Hello, I don't mean to bump in, but the patches that Micheal sent fixed my suspend issue on the dell XPS 13(9305). I opened another bug report (https://bugzilla.kernel.org/show_bug.cgi?id=215063) to keep from cluttering this one.
(In reply to Adhitya Mohan from comment #44) Thanks Adhitya. We were waiting on Adam to test the last revision which works on the systems we've tested on and now is confirmed to work for you. May we add a tested-by tag for you to this patch set?
Hi David, I didn't know you have been waiting for me. Which patches do you have on mind? I tested the latest ones from Michael with not success - low_power_idle_system_residency_us was still zero. It's possible there is another problem with this specific notebook.

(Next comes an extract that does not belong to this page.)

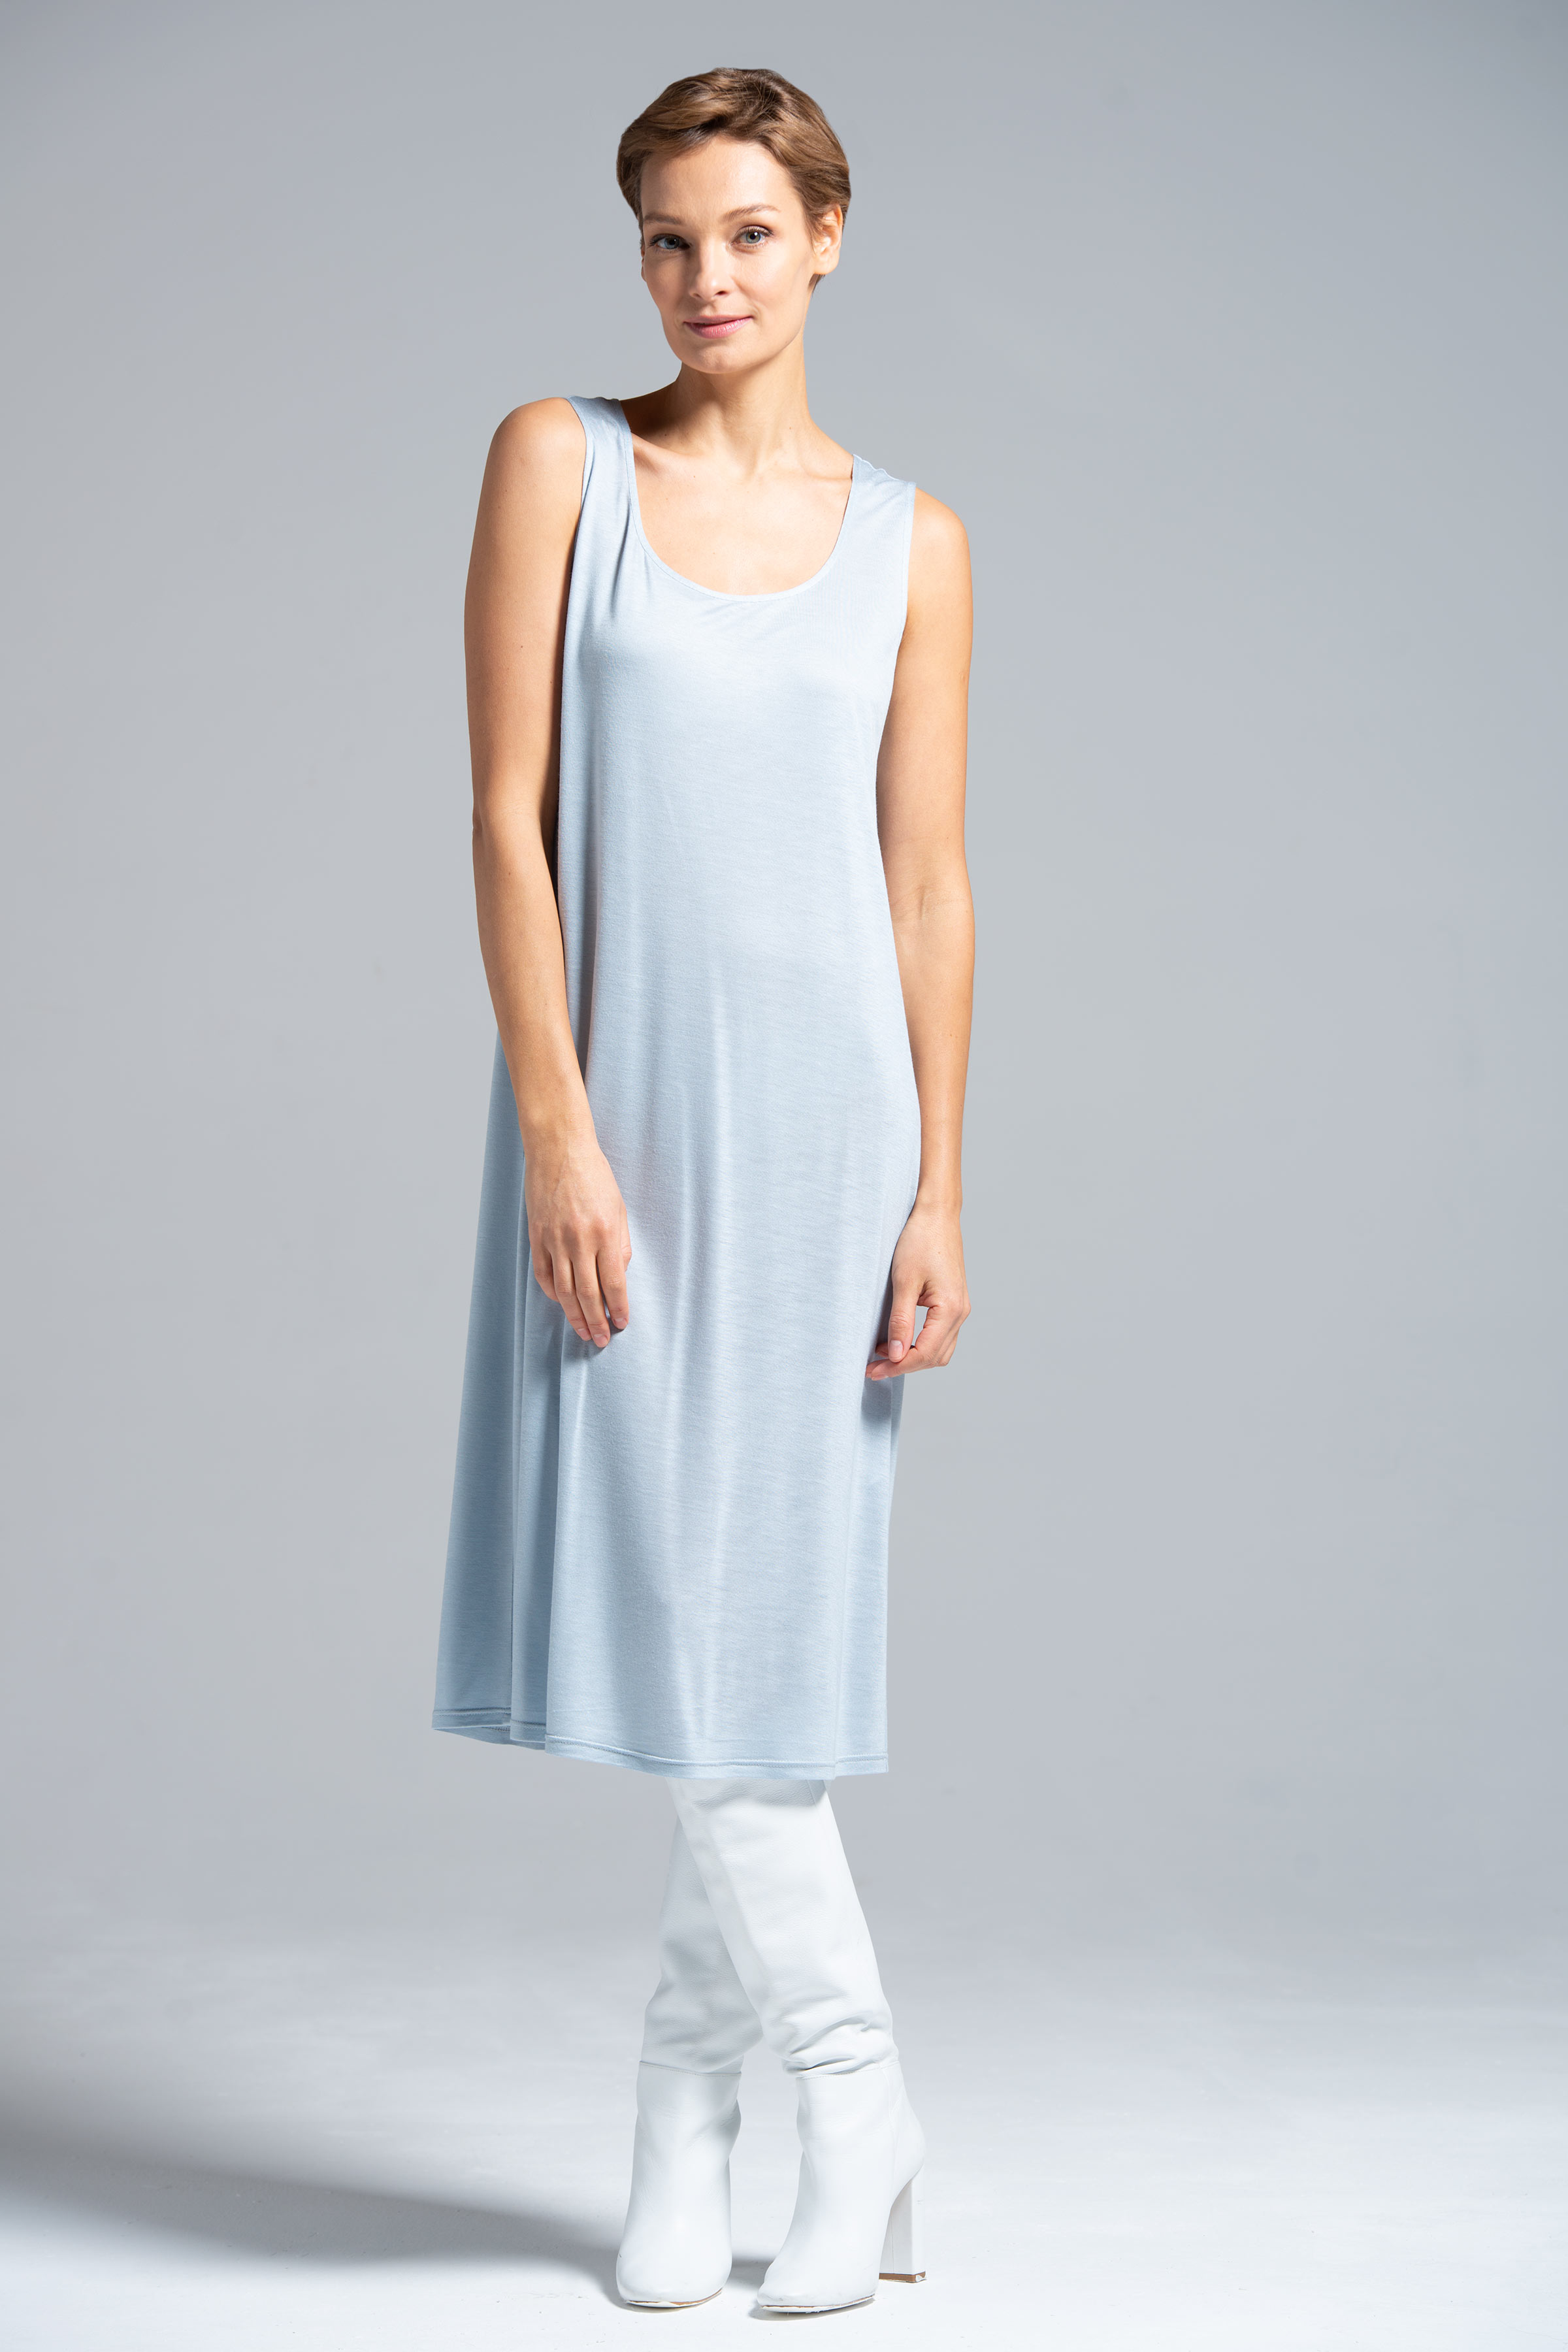 Платье база прямое среднее, без рукавов 39 Светло- джинсовый (denim bleu clair)  от Lesel (Лесель)! Заказывайте по ✆ 8 (800) 777 02 37

(In reply to David Box from comment #45) > (In reply to Adhitya Mohan from comment #44) > > Thanks Adhitya. We were waiting on Adam to test the last revision which > works on the systems we've tested on and now is confirmed to work for you. > May we add a tested-by tag for you to this patch set? Yes of course, you could see the dmesg and the result of the self test tool, that I posted in my earlier bug report. Happy to help.

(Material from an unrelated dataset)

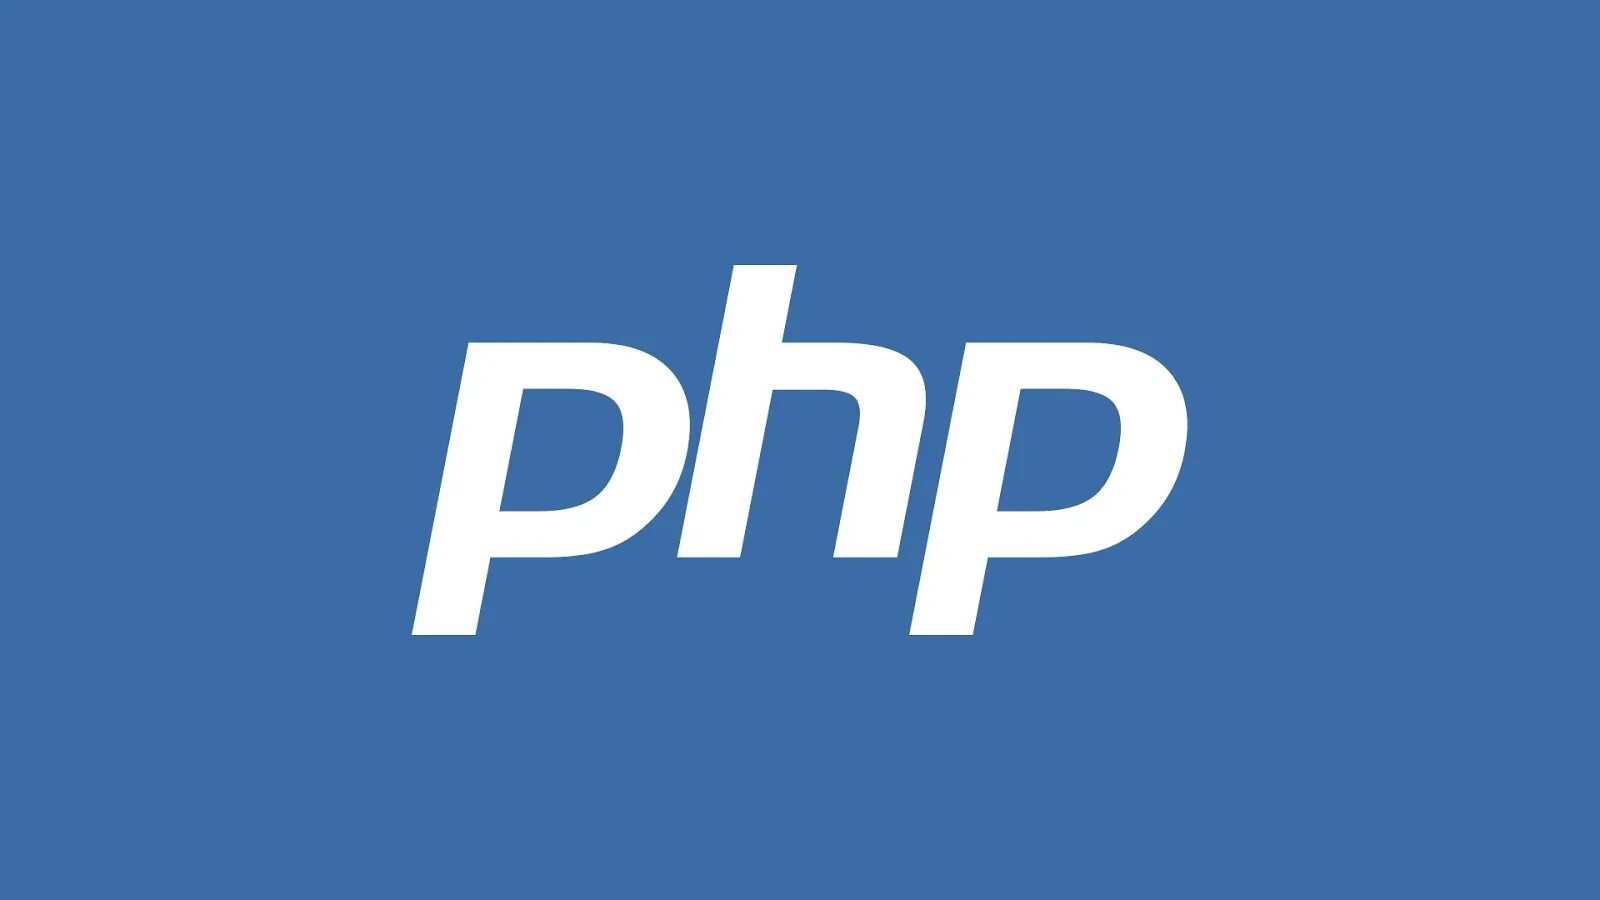 Php язык программирования логотип. Php иконка. Php картинка. Php программирование лого. Php import

(In reply to Adam Štrauch from comment #46) > Hi David, > > I didn't know you have been waiting for me. Which patches do you have on > mind? I tested the latest ones from Michael with not success - > low_power_idle_system_residency_us was still zero. It's possible there is > another problem with this specific notebook. Oh. Well there certainly could be a different issue. I'd run the same script Adhitya ran and see what it says, https://github.com/qwang59/S0ixSelftestTool If you are not able to get S0ix, but lspci shows that ASPM is enabled and LTR is set on both drives, then it's unlikely to be due to VMD.
Hi David, Any idea which release cycle these patches might make it into?
My understanding is that David's work has been merged in v6.3.